## Information provided

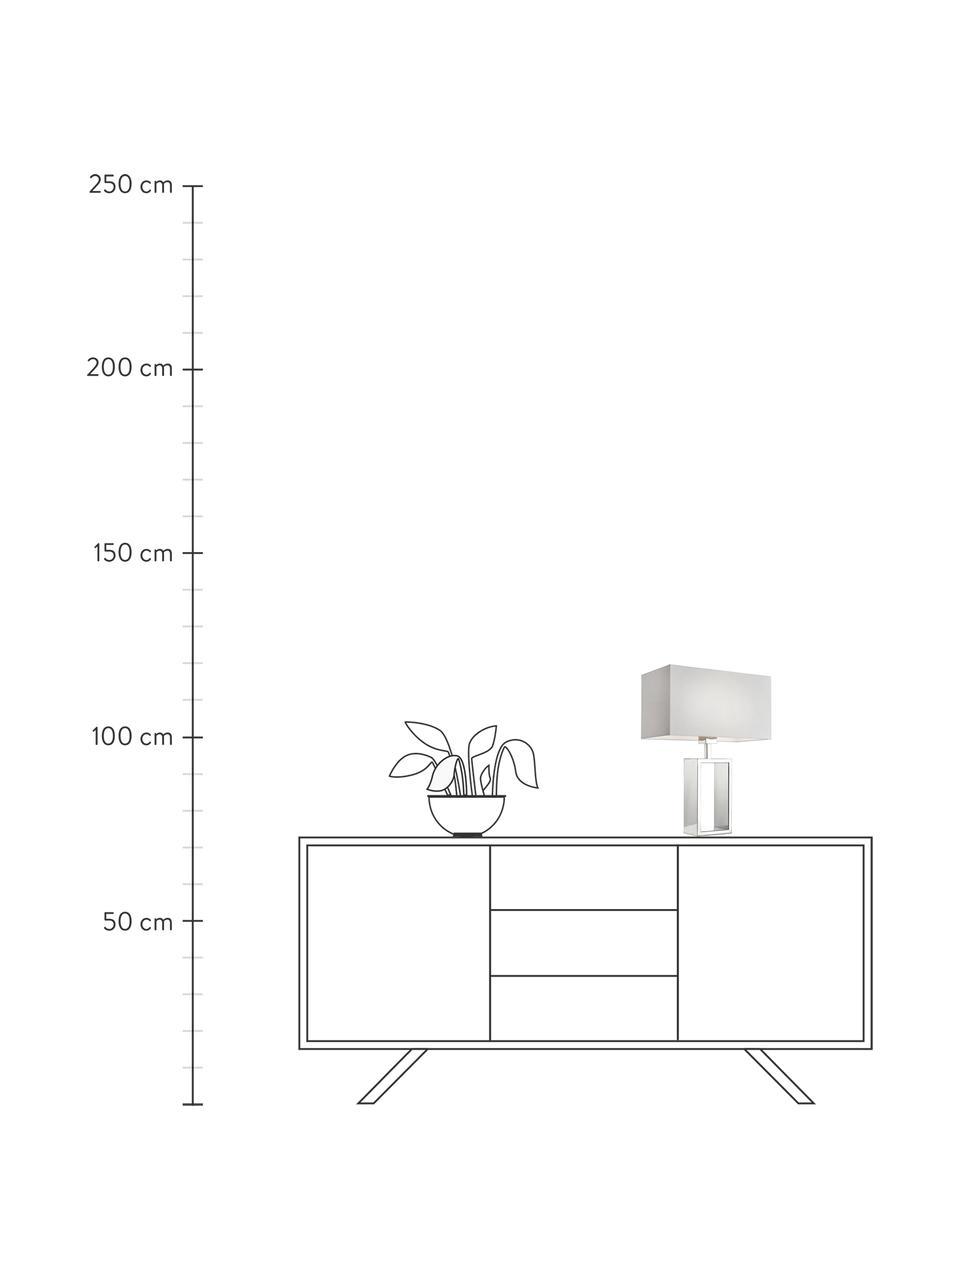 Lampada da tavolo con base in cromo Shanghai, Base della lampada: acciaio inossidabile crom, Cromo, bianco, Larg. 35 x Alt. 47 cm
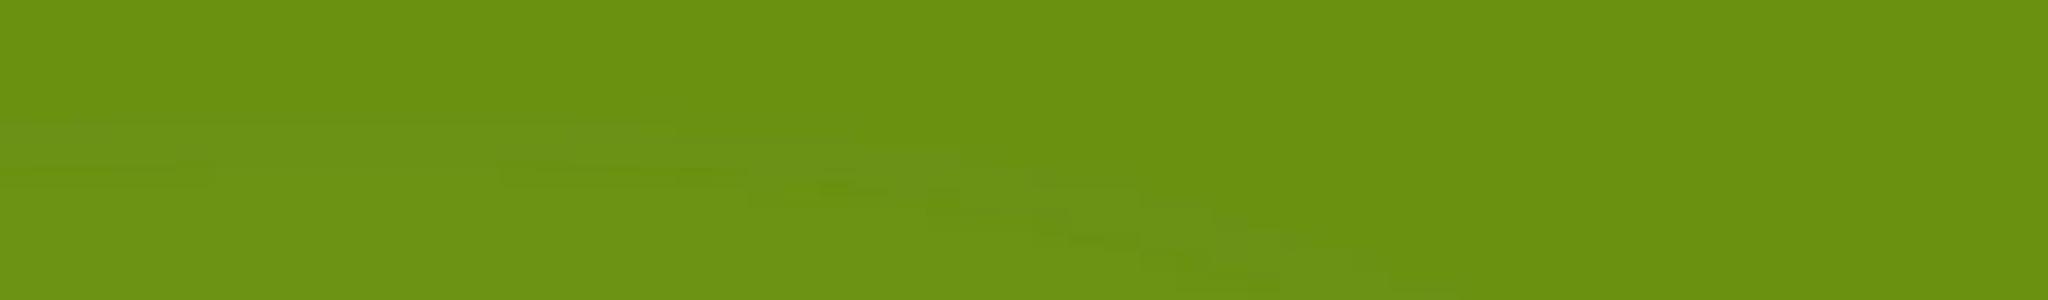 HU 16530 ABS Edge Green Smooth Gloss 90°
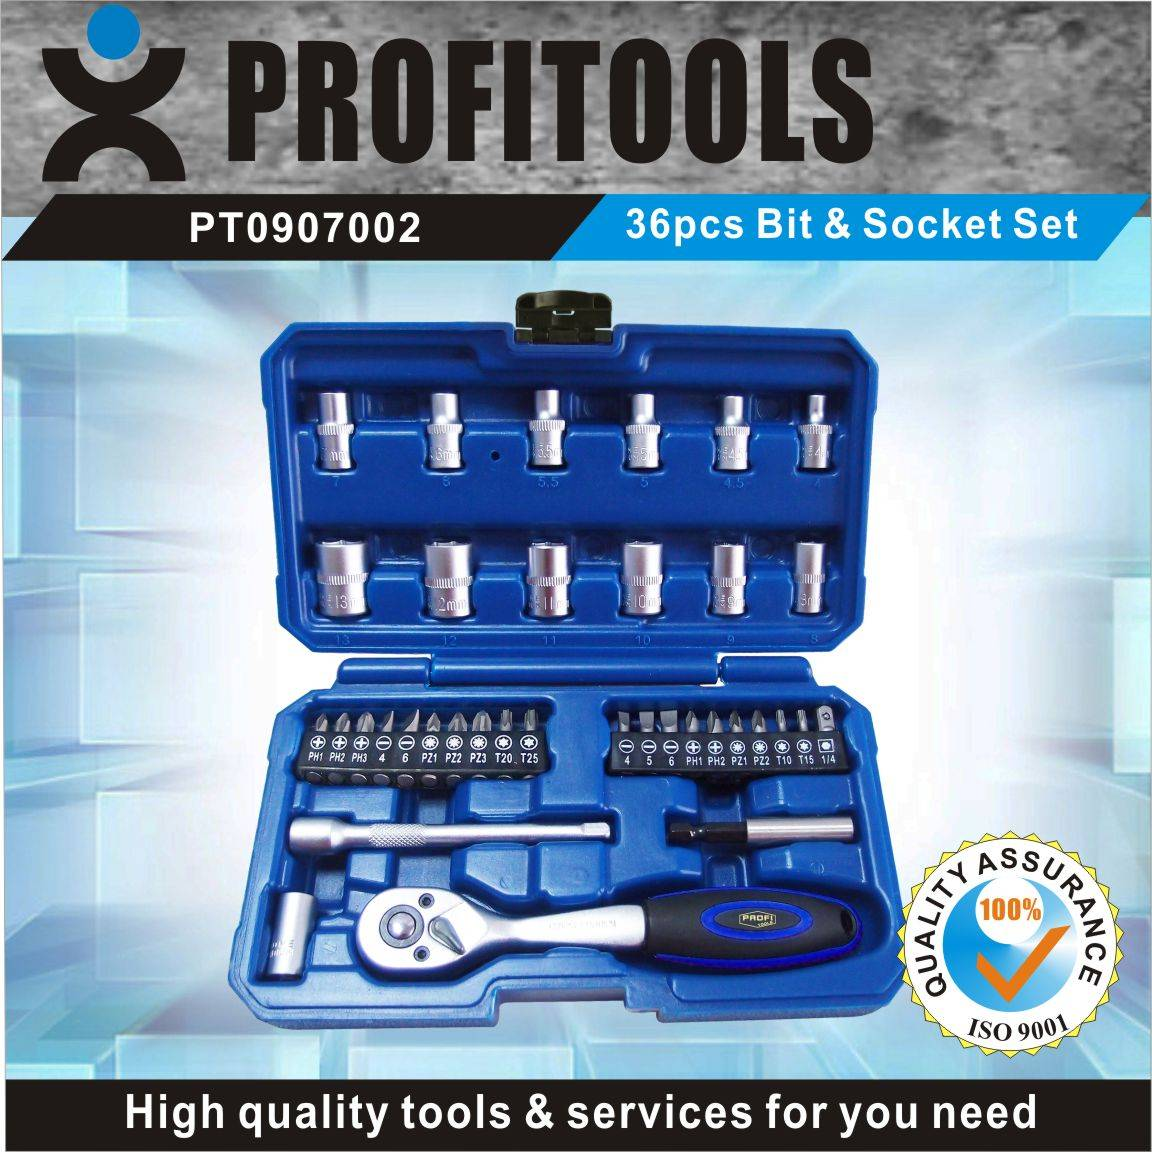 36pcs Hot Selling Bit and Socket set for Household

## Work instructions
All of the data must be repeated exactly, except for the pictures.

## Answer section
 Lampada da tavolo con base in cromo Shanghai, Base della lampada: acciaio inossidabile crom, Cromo, bianco, Larg. 35 x Alt. 47 cm
 HU 16530 ABS Edge Green Smooth Gloss 90°
 36pcs Hot Selling Bit and Socket set for Household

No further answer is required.